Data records

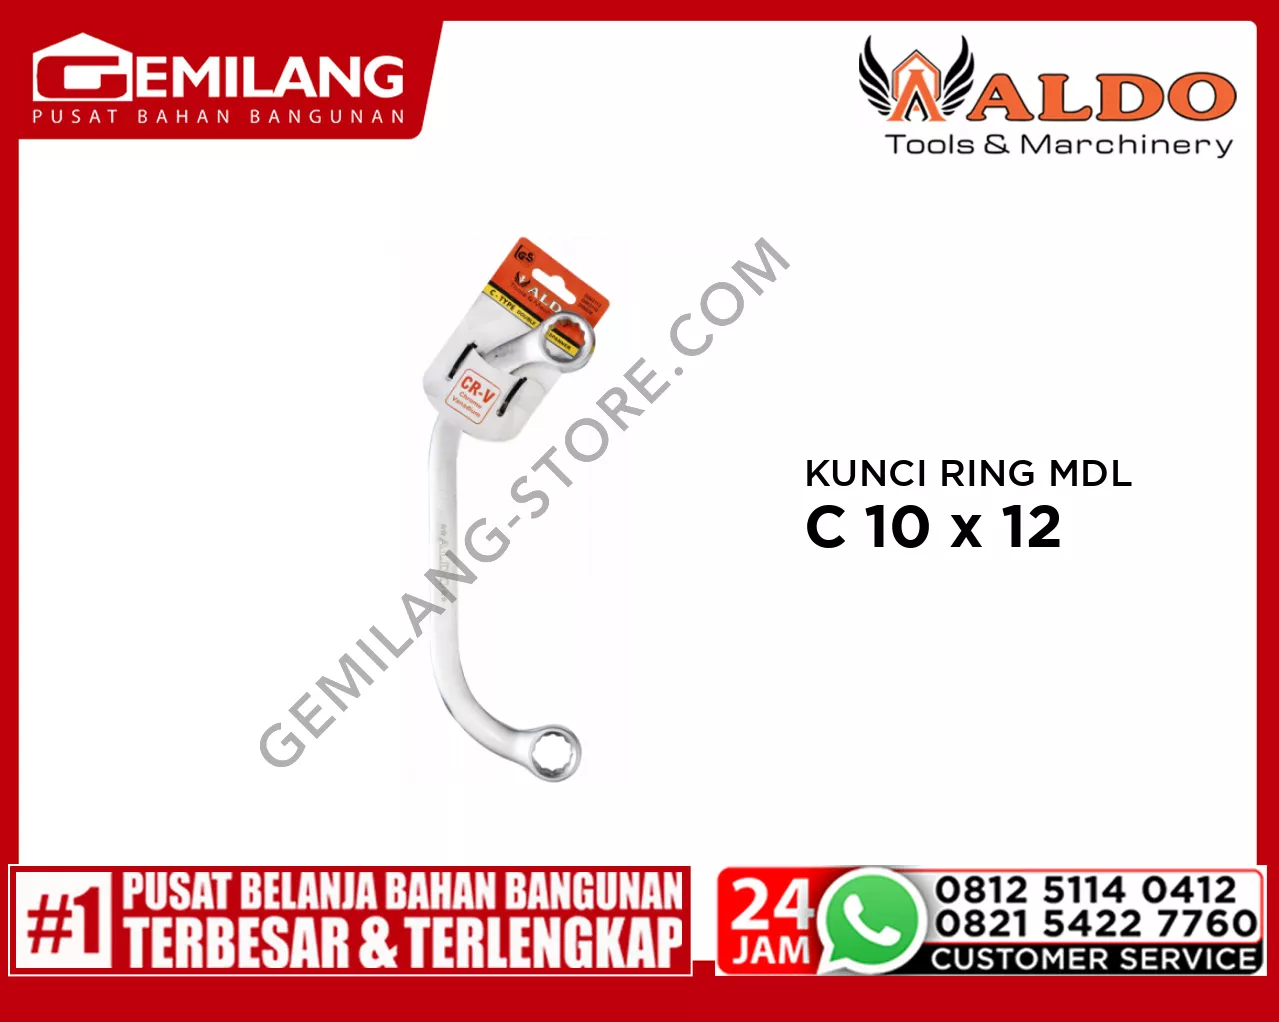 ALDO KUNCI RING MODEL C 10 x 12
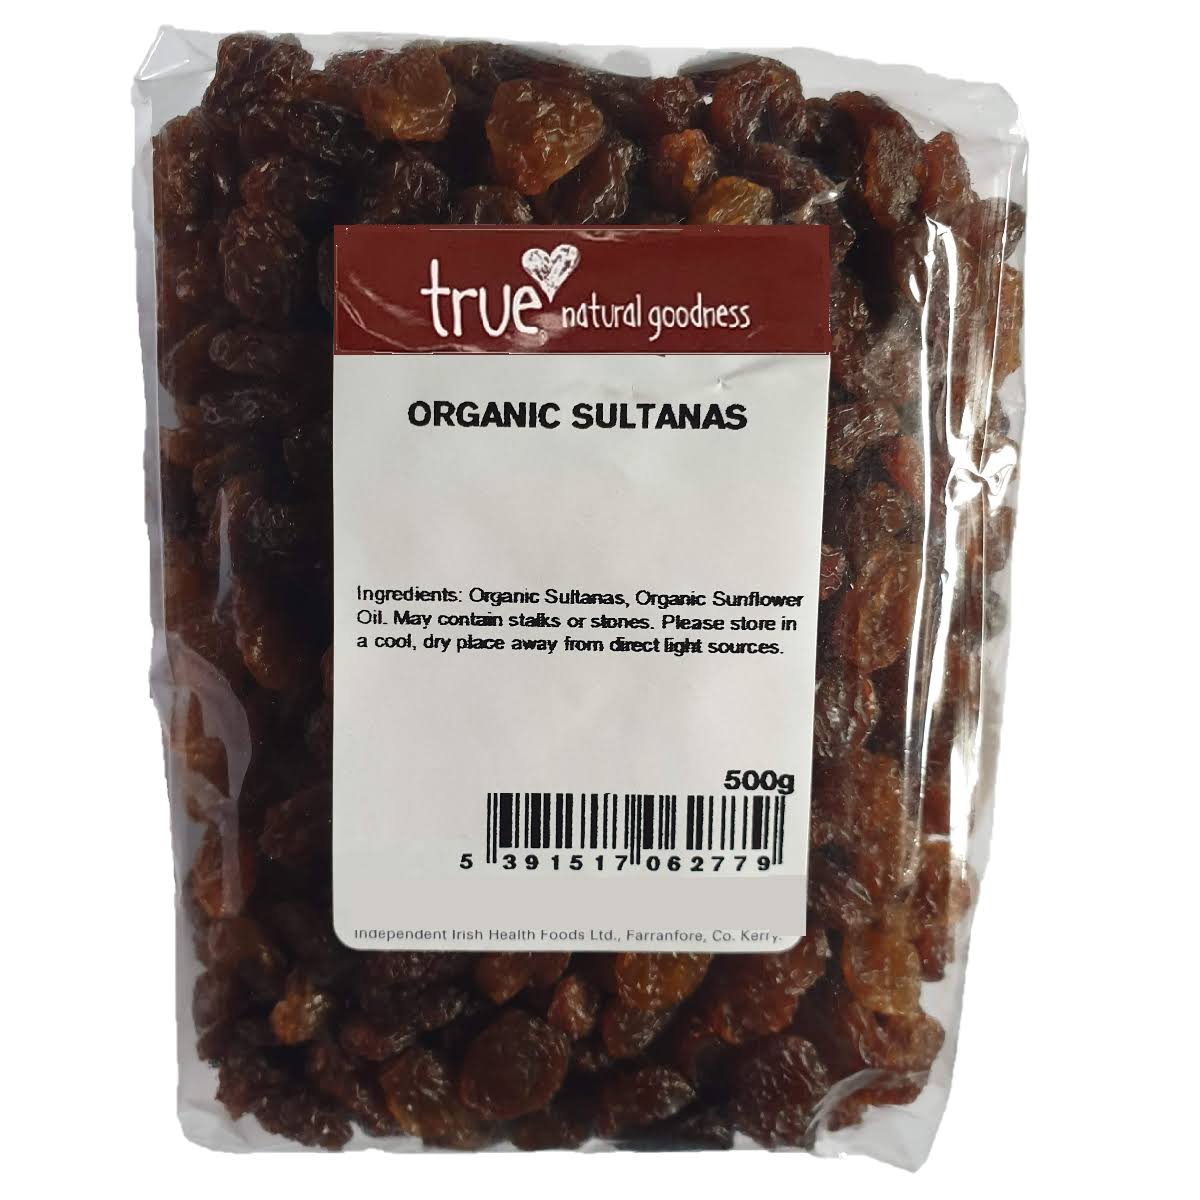 True Natural Goodness Organic Sultanas 500g
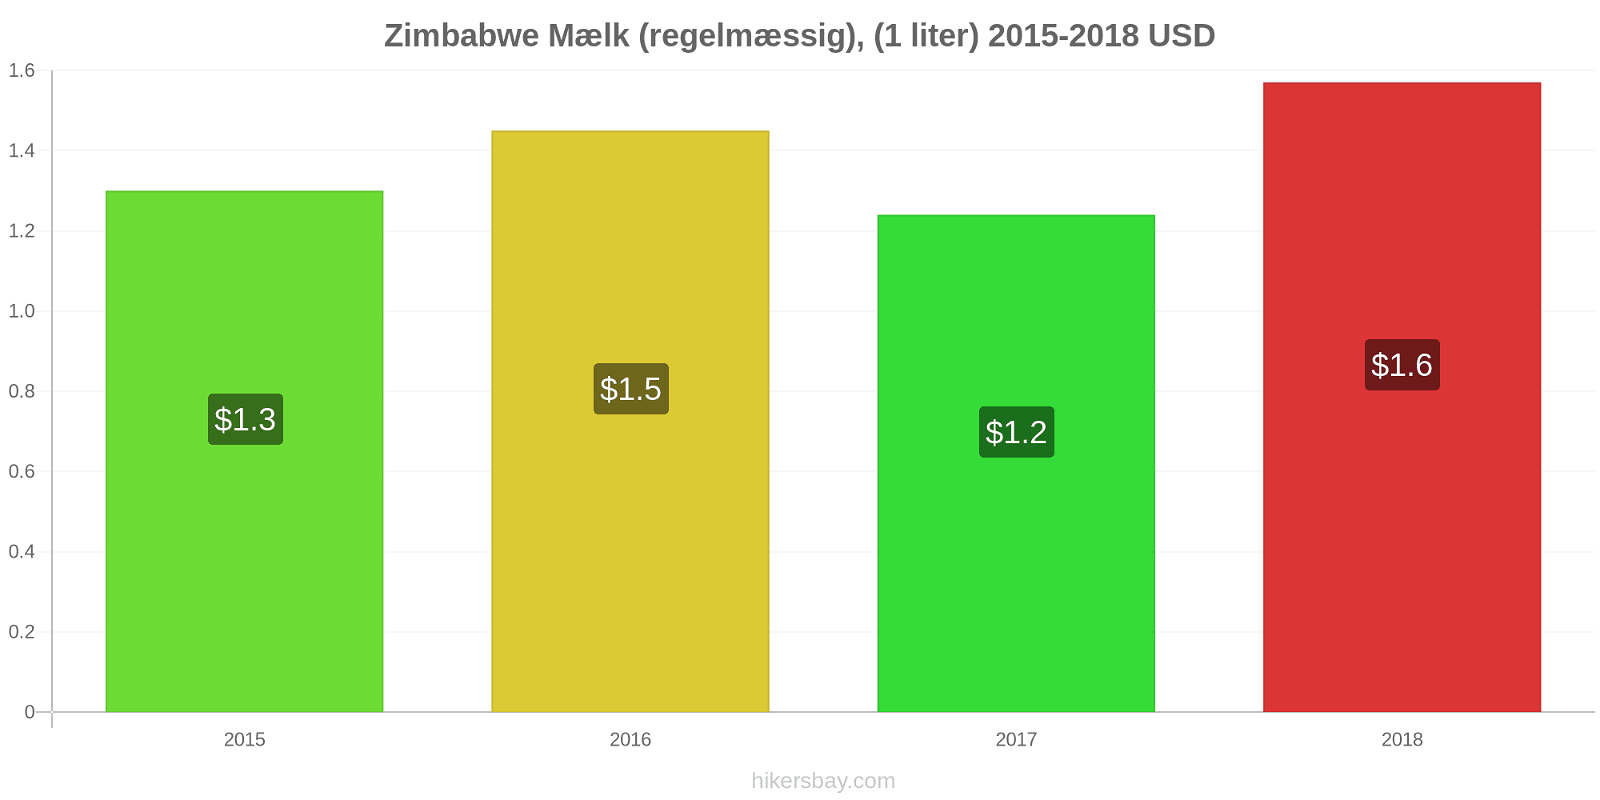 Zimbabwe prisændringer Mælk (regelmæssig), (1 liter) hikersbay.com
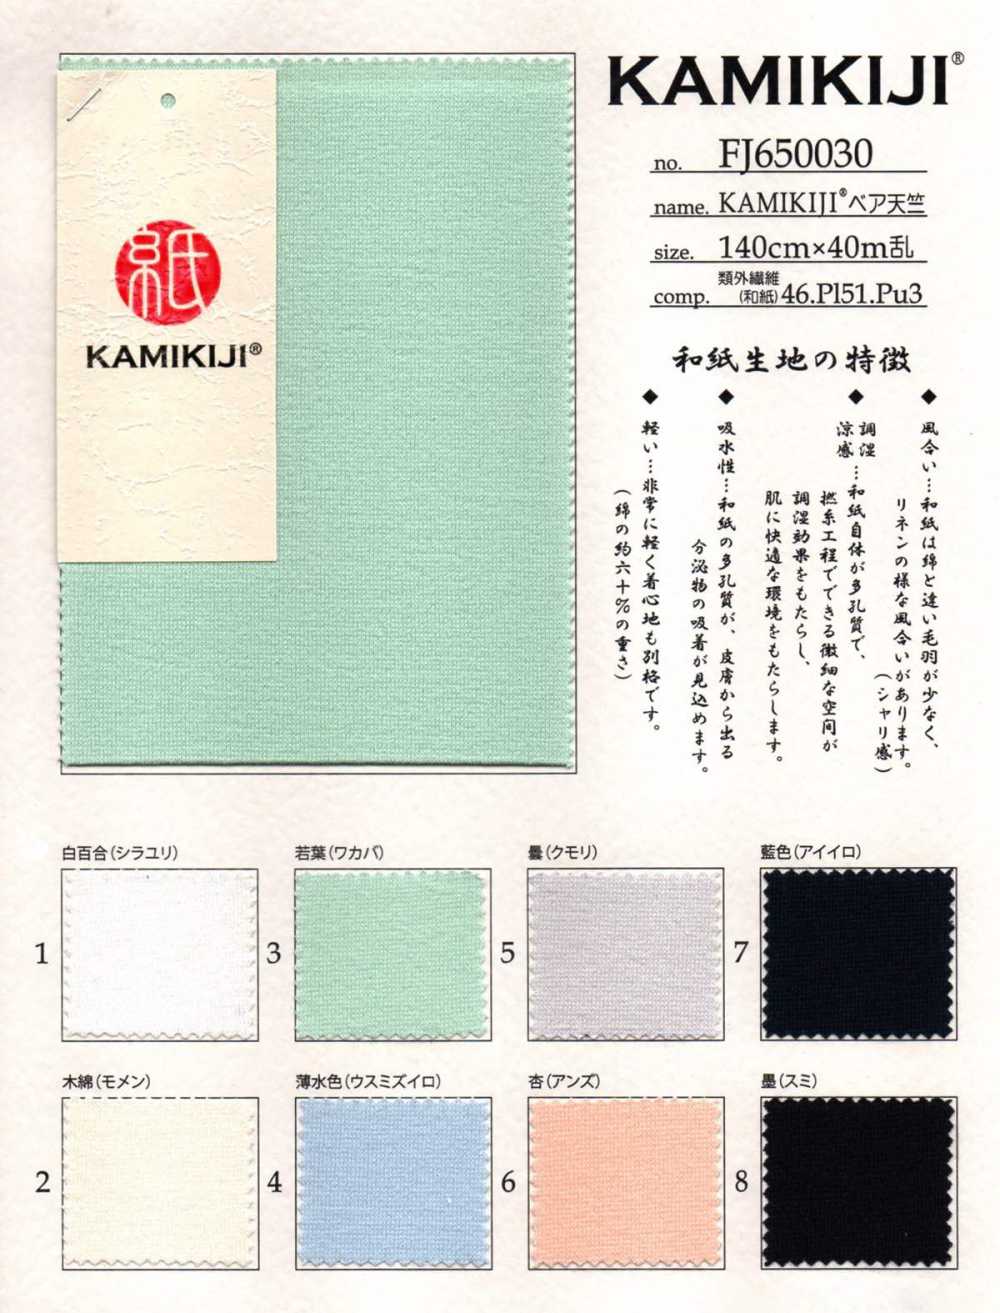 FJ650030 KAMIKIJI® 裸天竺平针织物[面料] Fujisaki Textile
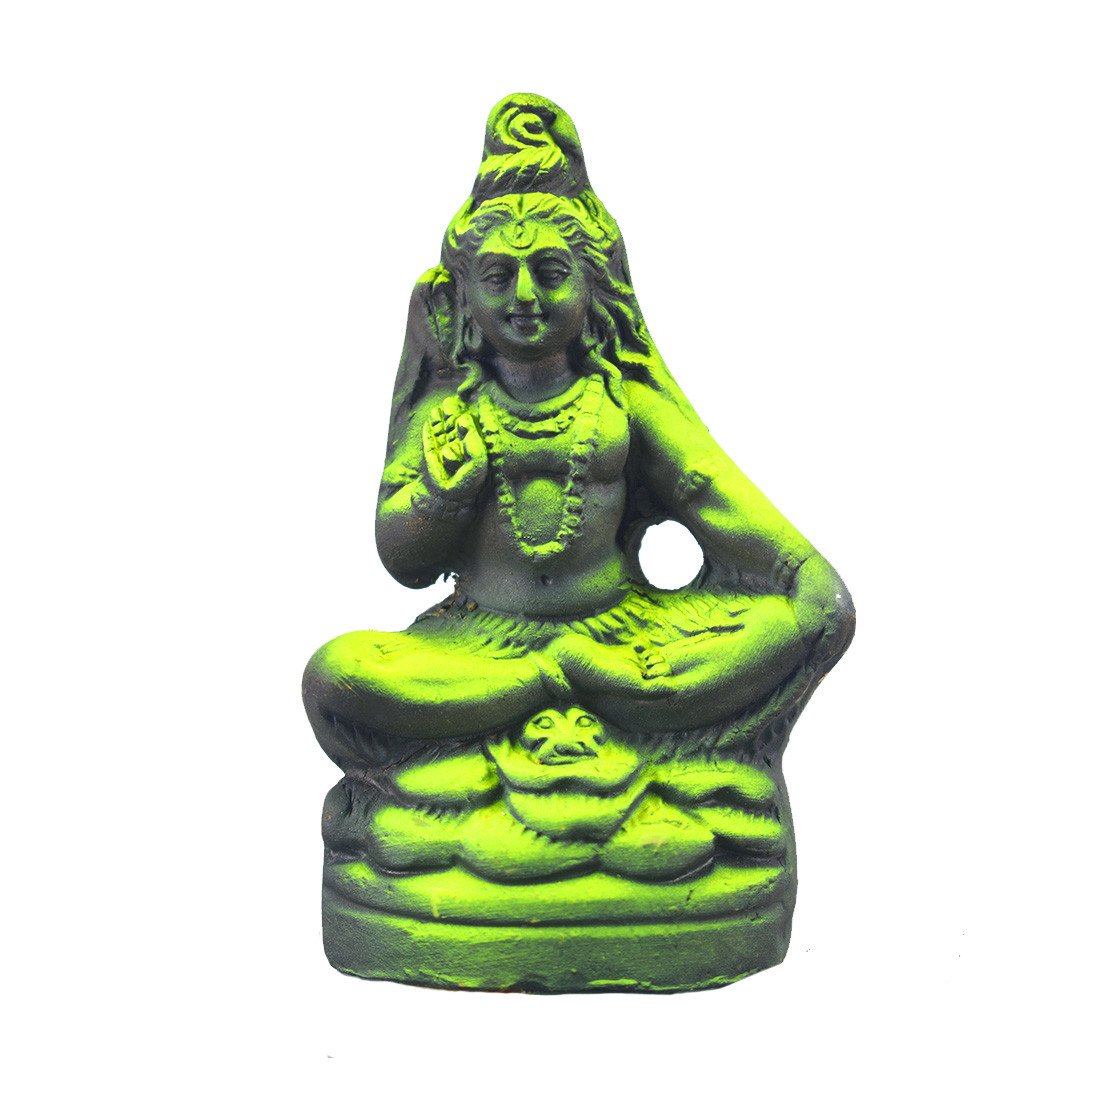 Lord Shiva Murti Handmade Clay Idols Showcase with Mahadev Statue (4.5 inches)

▶ _TASK BRIEF_:
Your answer must be the lines from the line containing "Zimbabwe prisændringer Mælk" through the final line of the data, written out exactly, both ends included and pictures left out.

▶ _EXERCISE RESPONSE_:
 Zimbabwe prisændringer Mælk (regelmæssig), (1 liter) hikersbay.com
 FJ650030 KAMIKIJI® 裸天竺平针织物[面料] Fujisaki Textile
 Lord Shiva Murti Handmade Clay Idols Showcase with Mahadev Statue (4.5 inches)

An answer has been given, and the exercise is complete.